What’s more interesting than the data itself is how the market reacts in the next few hours. If the US stock market experiences significant volatility, will $BTC and mainstream coins still follow it closely? If this time $BTC can show some independence—not falling as hard, or being bought back immediately after a dip—that would be interesting. It indicates that institutional funds are continuously flowing in, enough to withstand shocks from macro sentiment. This is the real logic behind the shallow correction in the super cycle.
Three possibilities, three scenarios:
If the data is unimpressive, the market probably won't move much, and attention will shift to the crypto sector's own funding and ecosystem developments.
If the data is particularly strong, it will fuel all risk assets, and expectations will heat up, leading to a rally.

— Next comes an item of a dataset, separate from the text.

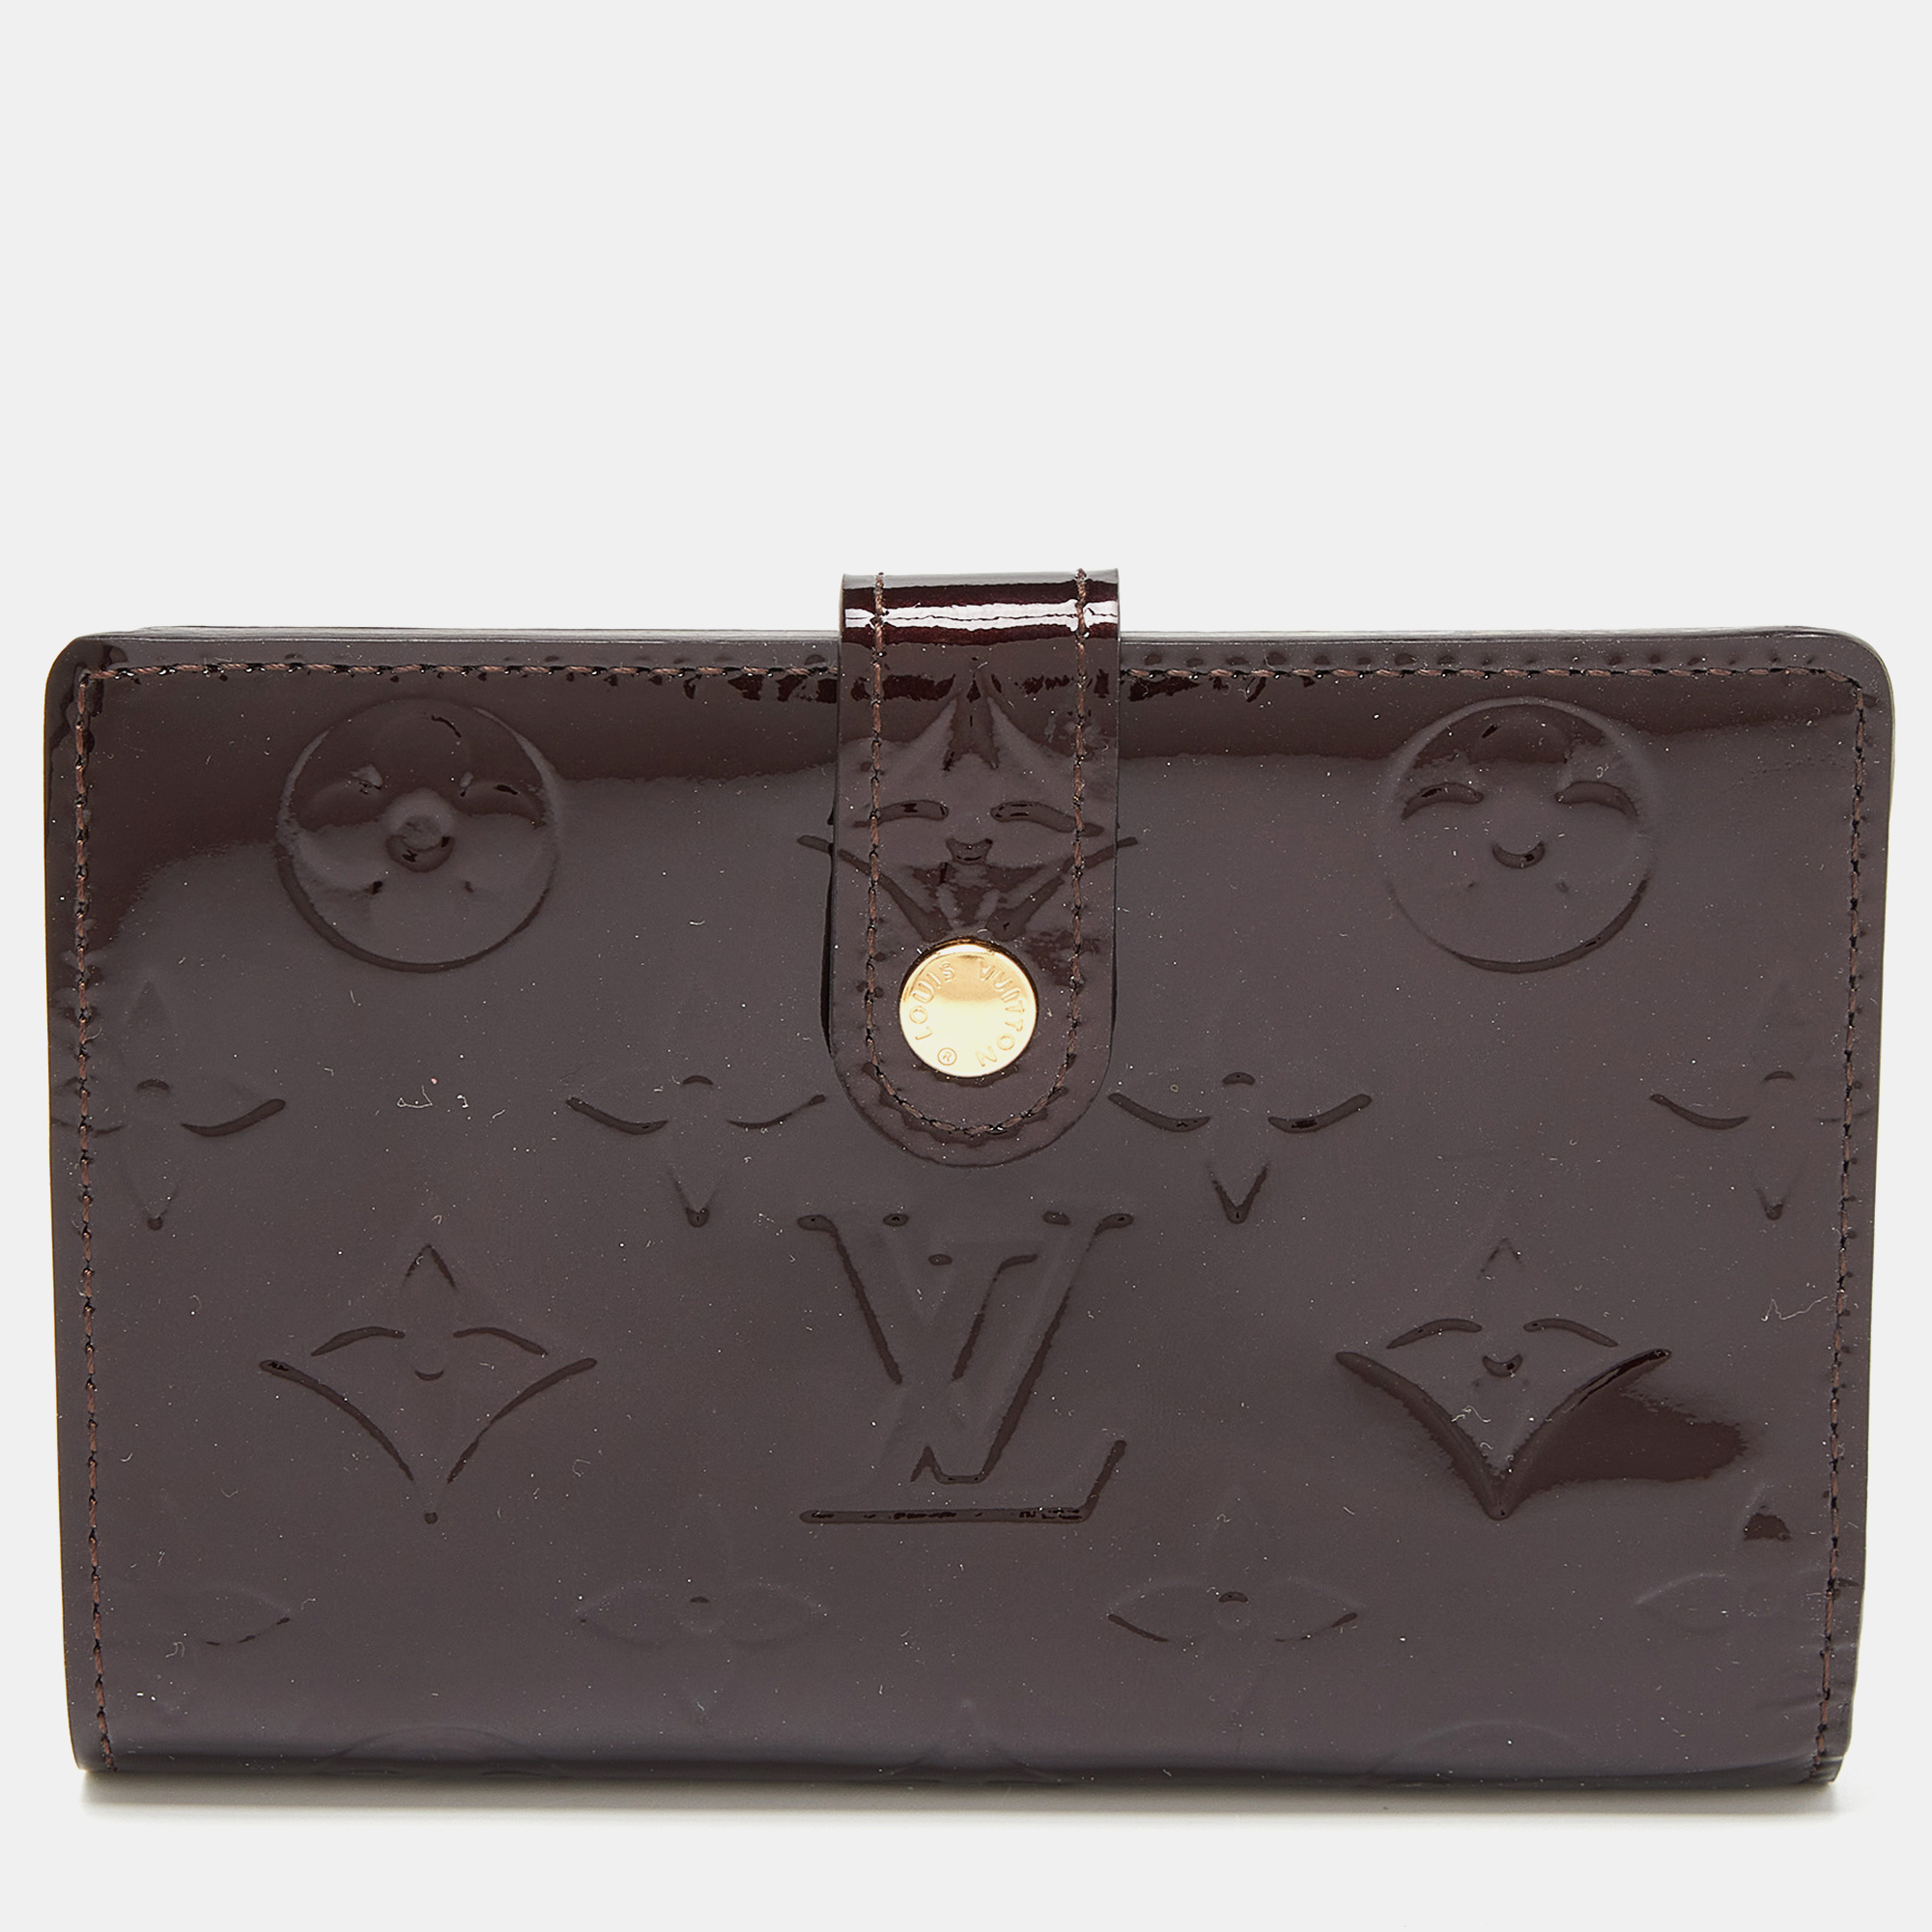 Pre-owned Louis Vuitton Amarante Monogram Vernis French Wallet In Burgundy

The most challenging scenario is if the data surprises negatively. That’s the real stress test. Panic is instinctive, but don’t just panic—focus on two indicators: Is $BTC’s decline shallower compared to US stocks and gold? Did Bitcoin ETFs continue to buy heavily during this dip? If the answer to both is yes, it actually proves the market structure is quite healthy. The long-term upward logic has never been broken; dips are opportunities to catch up.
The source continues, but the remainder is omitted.